Recently, I am doing multiple experiments to compare Python XgBoost and LightGBM. It seems that this LightGBM is a new algorithm that people say it works better than XGBoost in both speed and accuracy.
This is LightGBM GitHub. This is LightGBM python API documents, here you will find python functions you can call. It can be directly called from LightGBM model and also can be called by LightGBM scikit-learn.

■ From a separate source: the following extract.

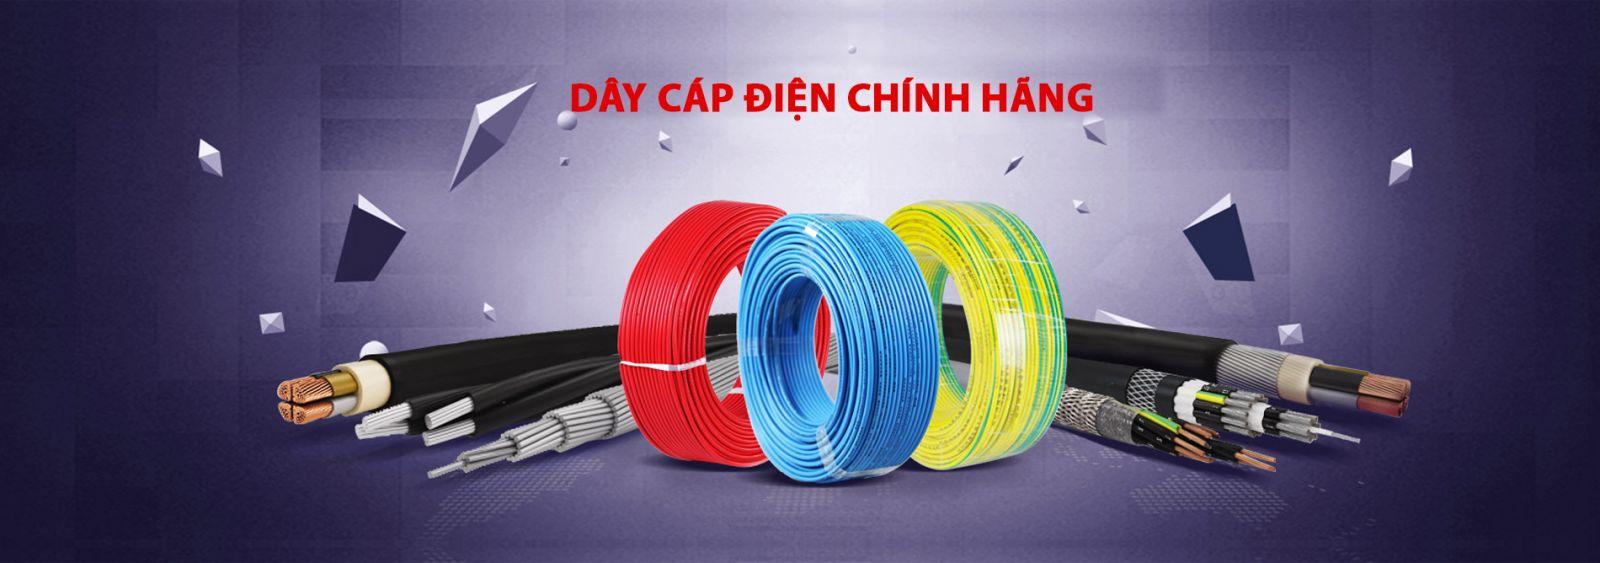 Banner quy trình sản xuất dây cáp điện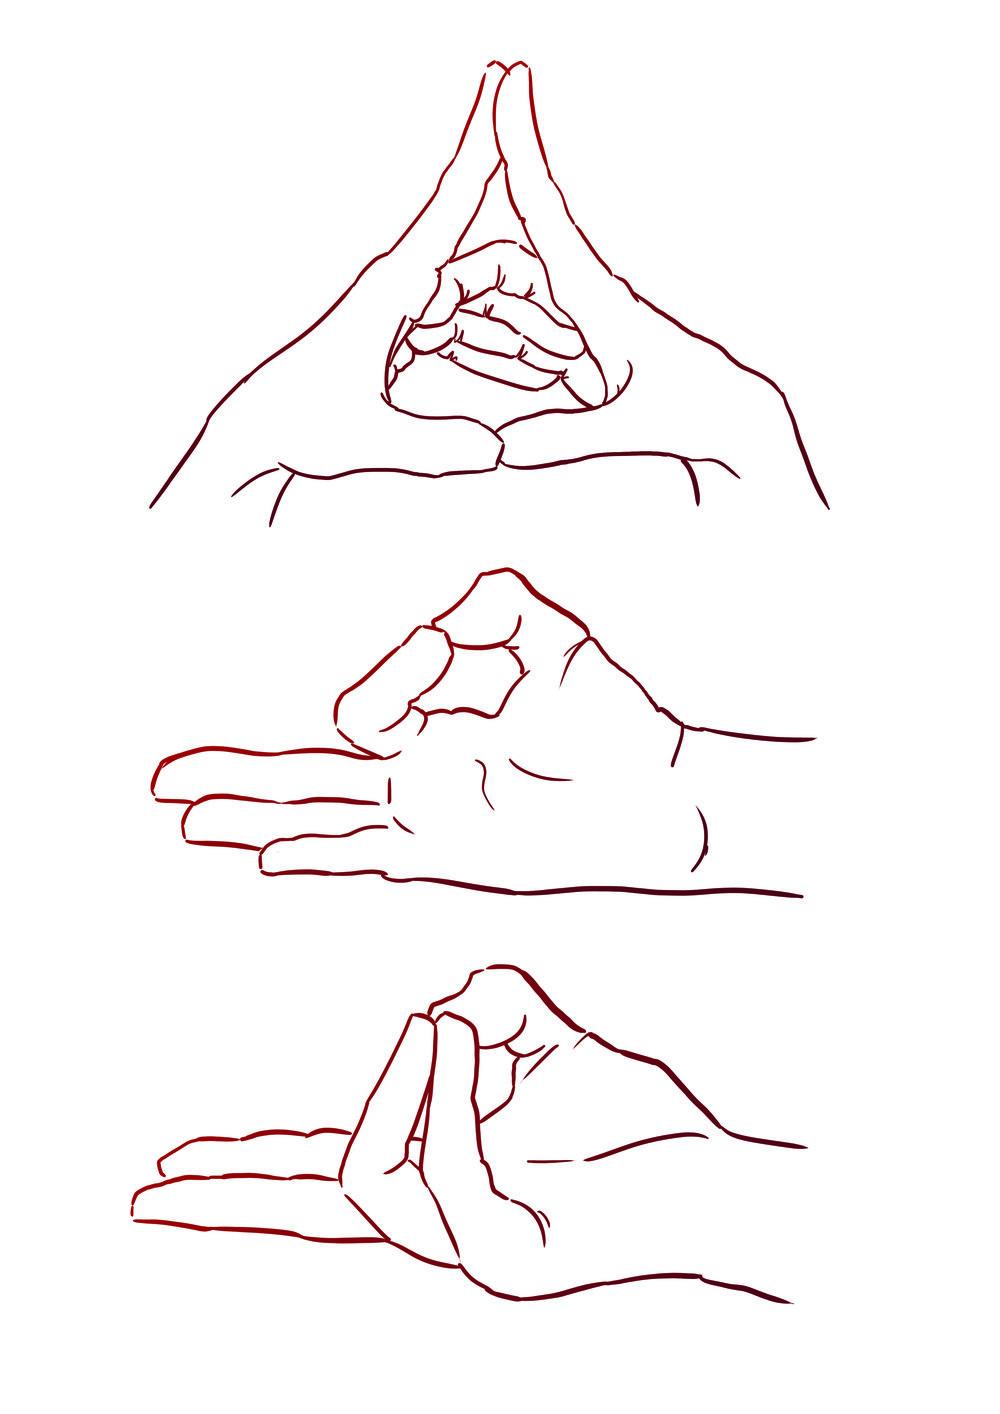 Hands_Line.jpg

This is the XGBoost Python API I use. As you can see, it has very similar data structure as LightGBM python API above.
Here are what I tried:
- If you use
train()
method in both XGBoost and LightGBM, yes lightGBM works faster and has higher accuracy. But this method, doesn't have cross validation. - If you try
cv()
method in both algorithms, it is for cross validation. However, I didn't find a way to use it return a set of optimum parameters. - if you try scikit-learn
GridSearchCV()
with LGBMClassifier and XGBClassifer. It works for XGBClassifer, but for LGBClassifier, it is running forever.
Here are my code examples when using GridSearchCV()
with both classifiers:
XGBClassifier with GridSearchCV
param_set = {
'n_estimators':[50, 100, 500, 1000]
}
gsearch = GridSearchCV(estimator = XGBClassifier( learning_rate =0.1,
n_estimators=100, max_depth=5,
min_child_weight=1, gamma=0, subsample=0.8, colsample_bytree=0.8,
nthread=7,
objective= 'binary:logistic', scale_pos_weight=1, seed=410),
param_grid = param_set, scoring='roc_auc',n_jobs=7,iid=False, cv=10)
xgb_model2 = gsearch.fit(features_train, label_train)
xgb_model2.grid_scores_, xgb_model2.best_params_, xgb_model2.best_score_
This works very well for XGBoost, and only tool a few seconds.
LightGBM with GridSearchCV
param_set = {
'n_estimators':[20, 50]
}
gsearch = GridSearchCV(estimator = LGBMClassifier( boosting_type='gbdt', num_leaves=30, max_depth=5, learning_rate=0.1, n_estimators=50, max_bin=225,
subsample_for_bin=0.8, objective=None, min_split_gain=0,
min_child_weight=5,
min_child_samples=10, subsample=1, subsample_freq=1,
colsample_bytree=1,
reg_alpha=1, reg_lambda=0, seed=410, nthread=7, silent=True),
param_grid = param_set, scoring='roc_auc',n_jobs=7,iid=False, cv=10)
lgb_model2 = gsearch.fit(features_train, label_train)
lgb_model2.grid_scores_, lgb_model2.best_params_, lgb_model2.best_score_
However, by using this method for LightGBM, it has been running the whole morning today still nothing generated.
I am using the same dataset, a dataset contains 30000 records.
I have 2 questions:
- If we just use
cv()
method, is there anyway to tune optimum set of parameters? - Do you know why
GridSearchCV()
does not work well with LightGBM? I'm wondering whether this only happens on me all it happened on others to?